The following first appeared on Money & Markets.
I probably don’t need to tell you 2020 has been a rough year for the stock market. Even after a spectacular rally, the S&P 500 is still down close to 20% on the year. And frustratingly for a lot of income investors, high-yielding dividend stocks generally thought of as “safe” were some of the hardest hit.
I should know. I have a portfolio full of them, and some are still down more than 50%.
From 5% to 7% is considered a really high yield for dividend stocks these days. But is it worth risking a 50% decline in order to squeak out a single-digit yield?
I’ll answer my own question with an emphatic “yes.”
And to prove my point, I’ll use one of my very favorite long-term income machines, Energy Products Partners (NYSE: EPD). Enterprise owns one of the largest networks of natural gas and natural gas liquids pipelines in the country. It has an excellent management team.
Enterprise Products is an MLP and pays “distributions” rather than “dividends.” But for our purposes here, that’s a distinction without a difference. Enterprise Products is a dividend stock, and a fine one at that. The MLP yields a whopping 11.3% and has raised its payout every year since 1998.
Still, it’s been a rough road for this pipeline blue chip. The stock got slapped down during the 2015-16 oil crash and then was utterly obliterated during the March coronavirus meltdown and corresponding collapse in energy prices.
Today, the shares trade at 2010 prices.
An investor holding Enterprise Products over the past 10 years — through one of the most explosive bull markets in history — wouldn’t have earned a single red cent … unless, of course you consider reinvested dividends. Taking into account reinvested dividends gives us a very different picture.
During one of the most difficult decades in history for energy-relative stocks, Enterprise Products managed to return about 127%.
Sure, that’s a lot less than the S&P 500. But that’s not the point here. The takeaway is that high-dividend stocks can still be fantastic investments even during extremely rocky periods.
Consistent dividend payers are getting harder to find these days. Already, about 5% of the stocks in the S&P 500 have reduced or eliminated their dividends since the onset of the coronavirus scare, and we’re not done yet. The longer the lockdowns stay in effect, the more dividend cuts I expect to see. Goldman Sachs recently forecast that S&P 500 companies would spend 23% less on dividends this year.
So, you shouldn’t just buy a stock based on its yield and hope for the best.

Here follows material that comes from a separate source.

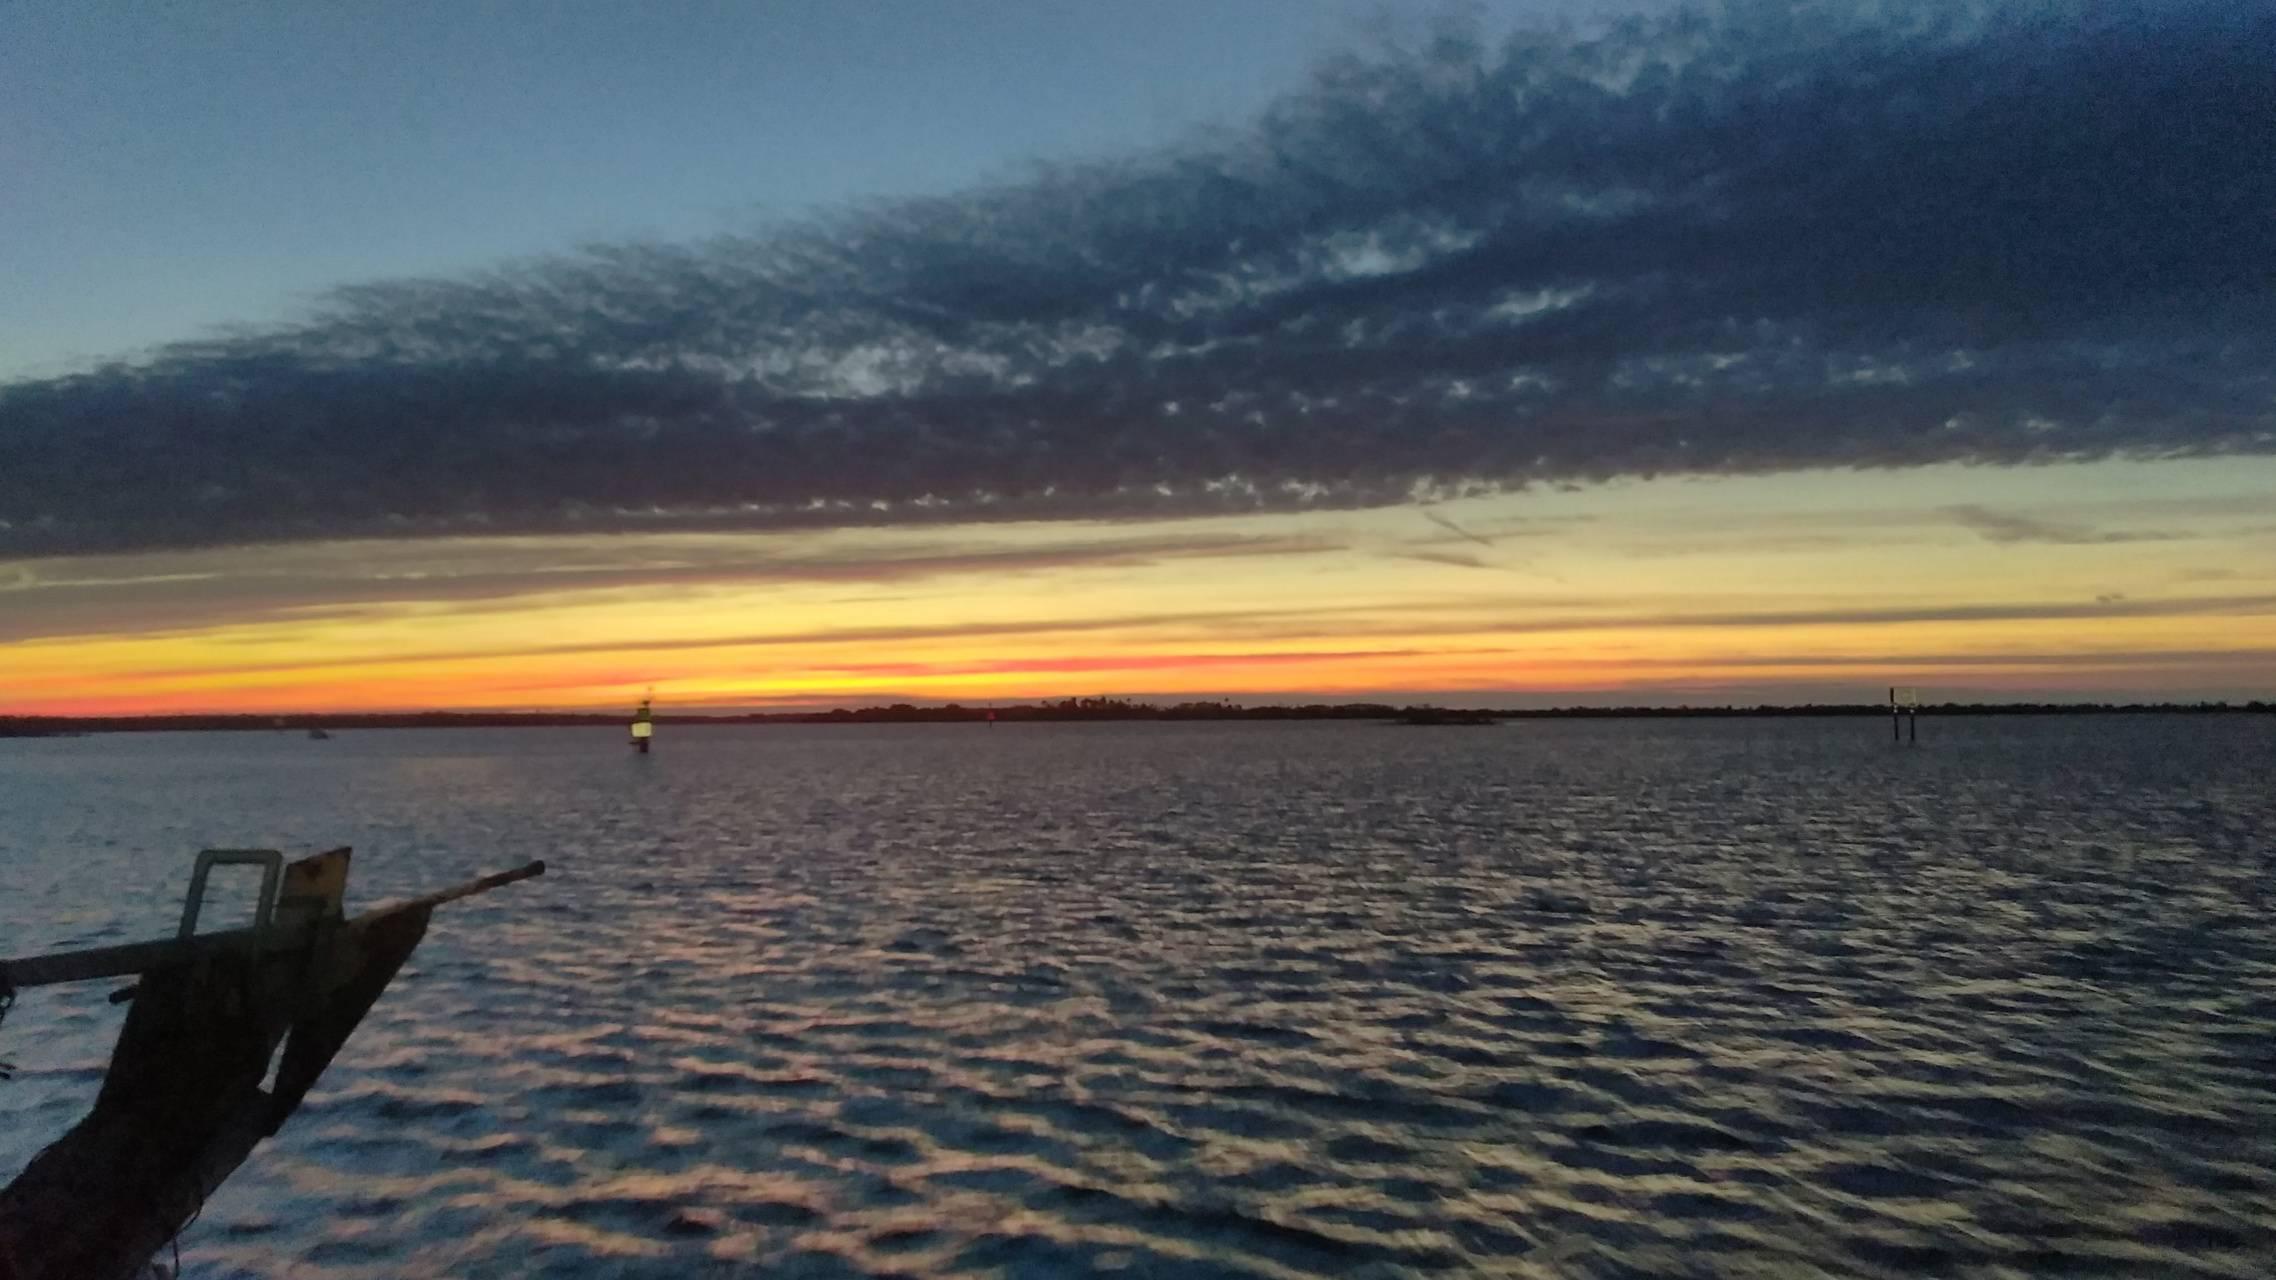 Sun set in the Gulf
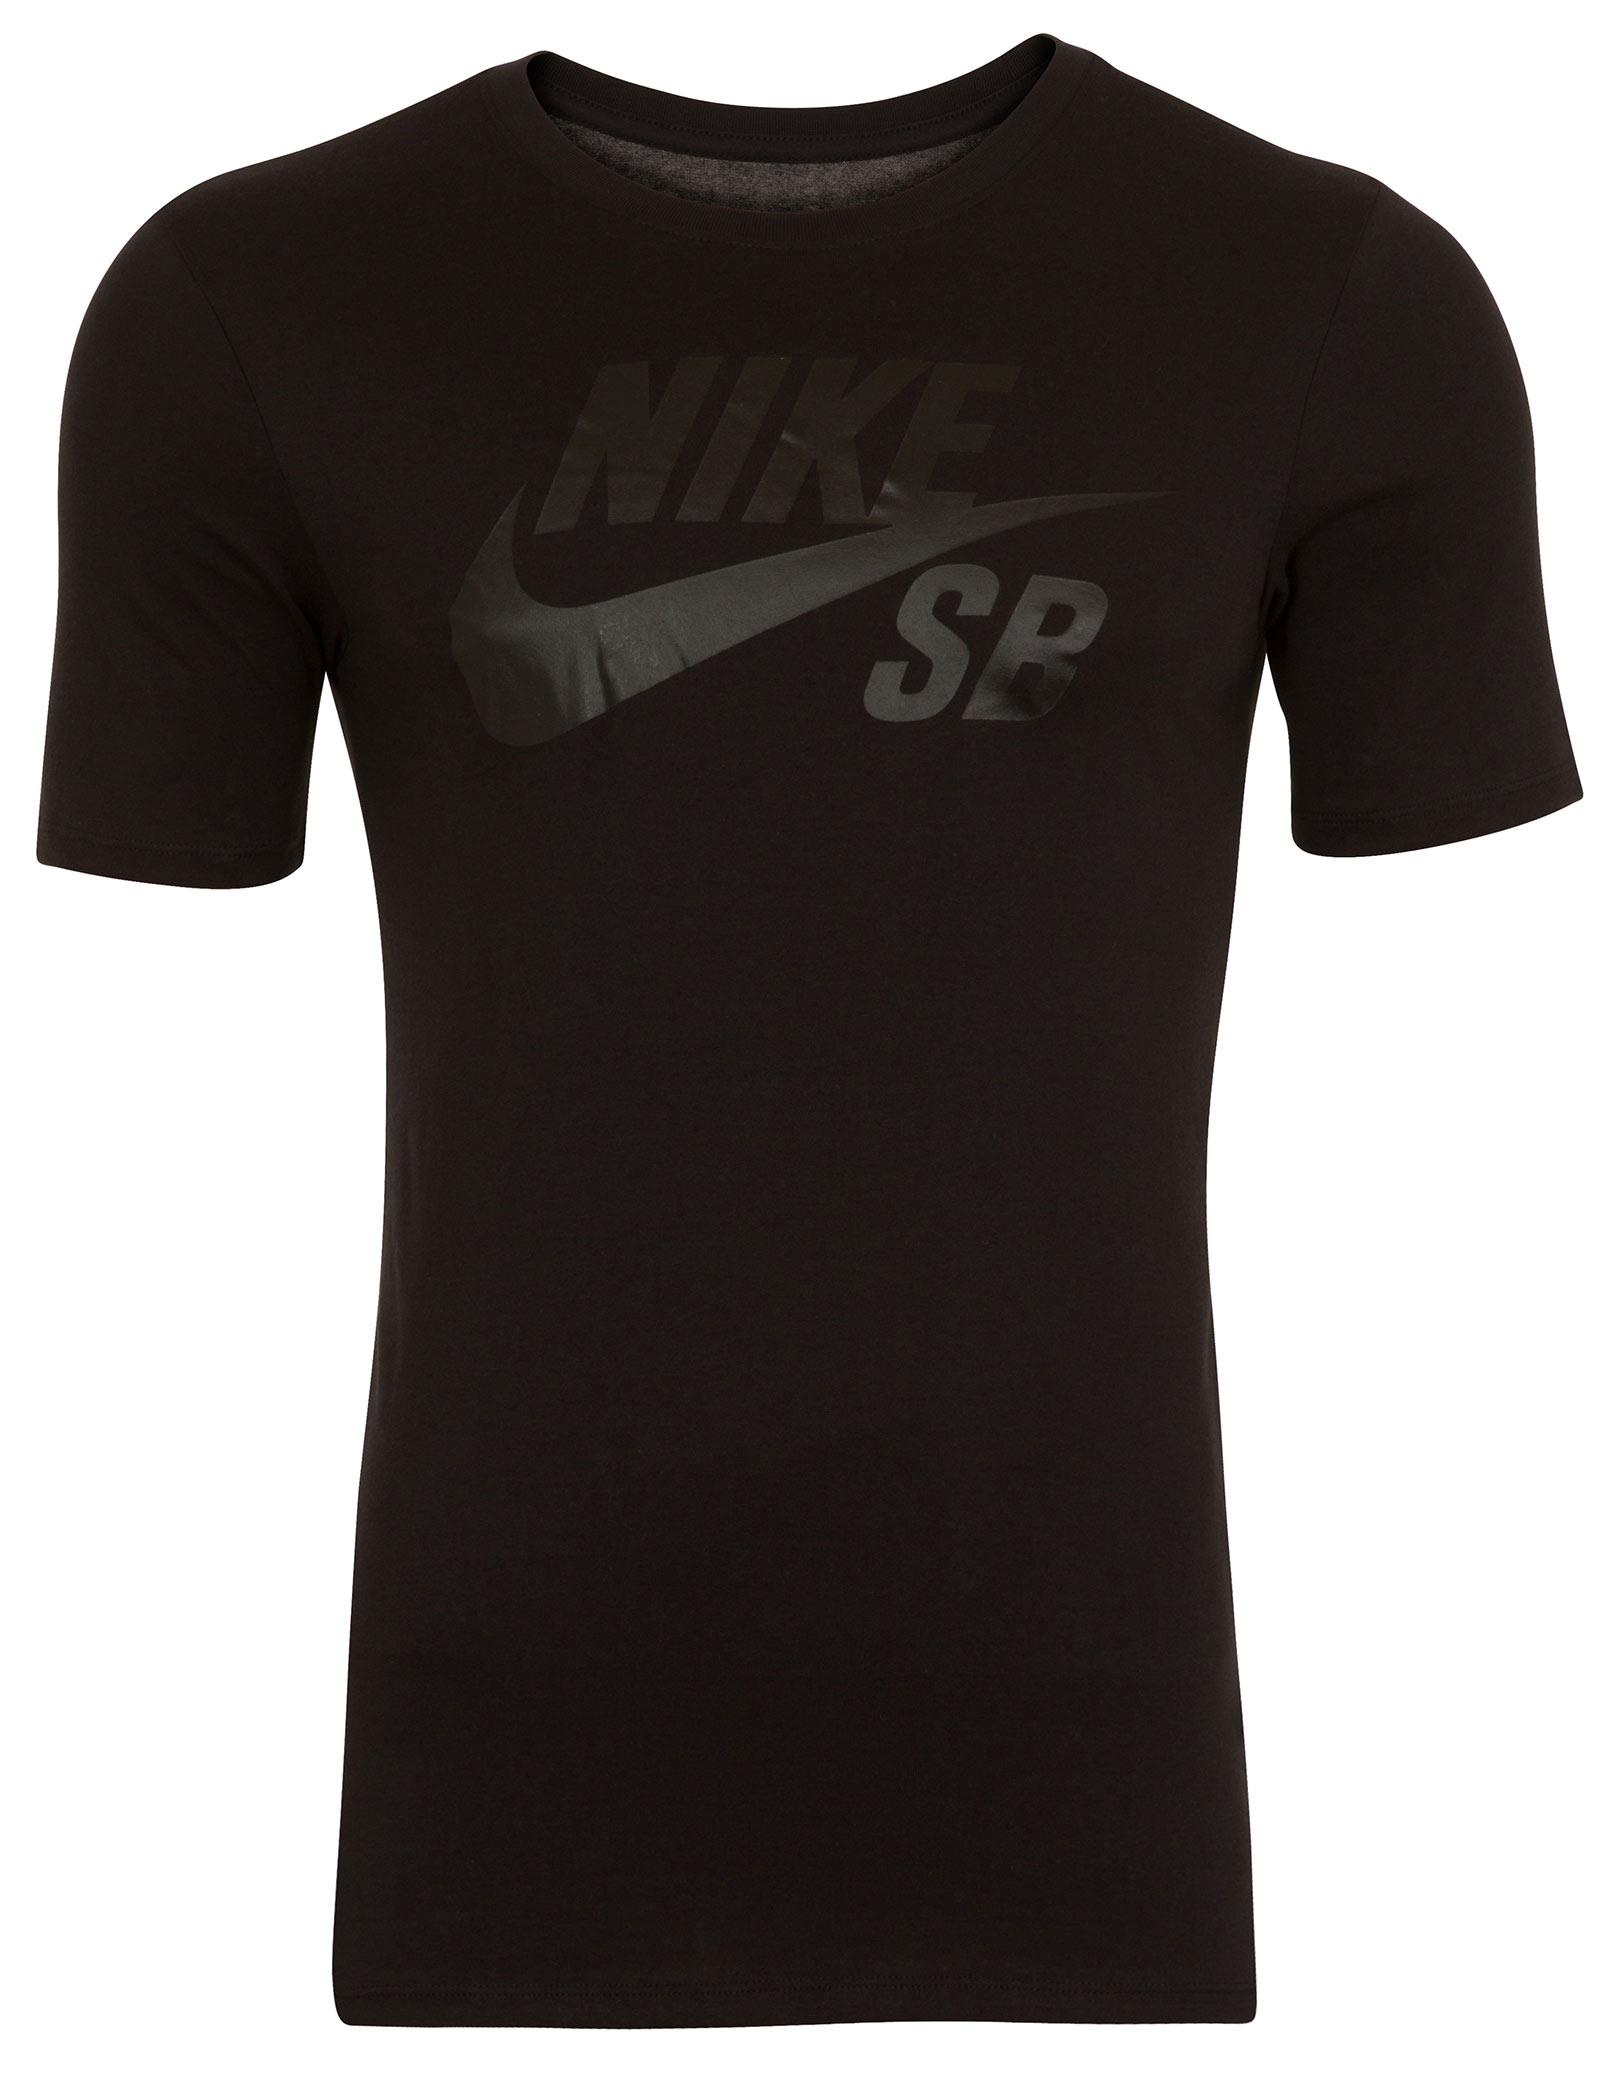 New nike sb skateboarding logo tee mens t shirt all sizes for Nike sb galaxy shirt

You need to be confident that the business supporting the dividend is healthy and sound.
As an interesting aside, the single biggest buyer of S&P 500 stocks over the past decade has been the companies themselves. It’s debatable exactly how much of the market’s epic run since 2009 was due to buybacks alone, but it’s safe to say it was substantial.
S&P 500 companies bought back $5.5 trillion of their own stocks between 2009 and 2019.
That’s trillion. With a T.
That represents about a fifth of the entire market cap of the S&P 500.
With a given pool of investors fighting over a shrinking pool of available stock to buy, prices had nowhere to go but up.
That came to a screeching halt with coronavirus. Companies are rightly hoarding cash. And Congress has effectively banned buybacks for any company taking federal assistance (which they should have!) Goldman Sachs expects buybacks to fall by about 50% this year.
One of the biggest drivers of stock returns — buybacks — is going to be on ice for the foreseeable future. This actually makes dividends all the more important. If we can’t depend on general asset price inflation, then we’ll have to settle for getting paid in cold, hard cash.
This article first appeared on Sizemore Insights as Are Dividend Stocks Still Worth Owning?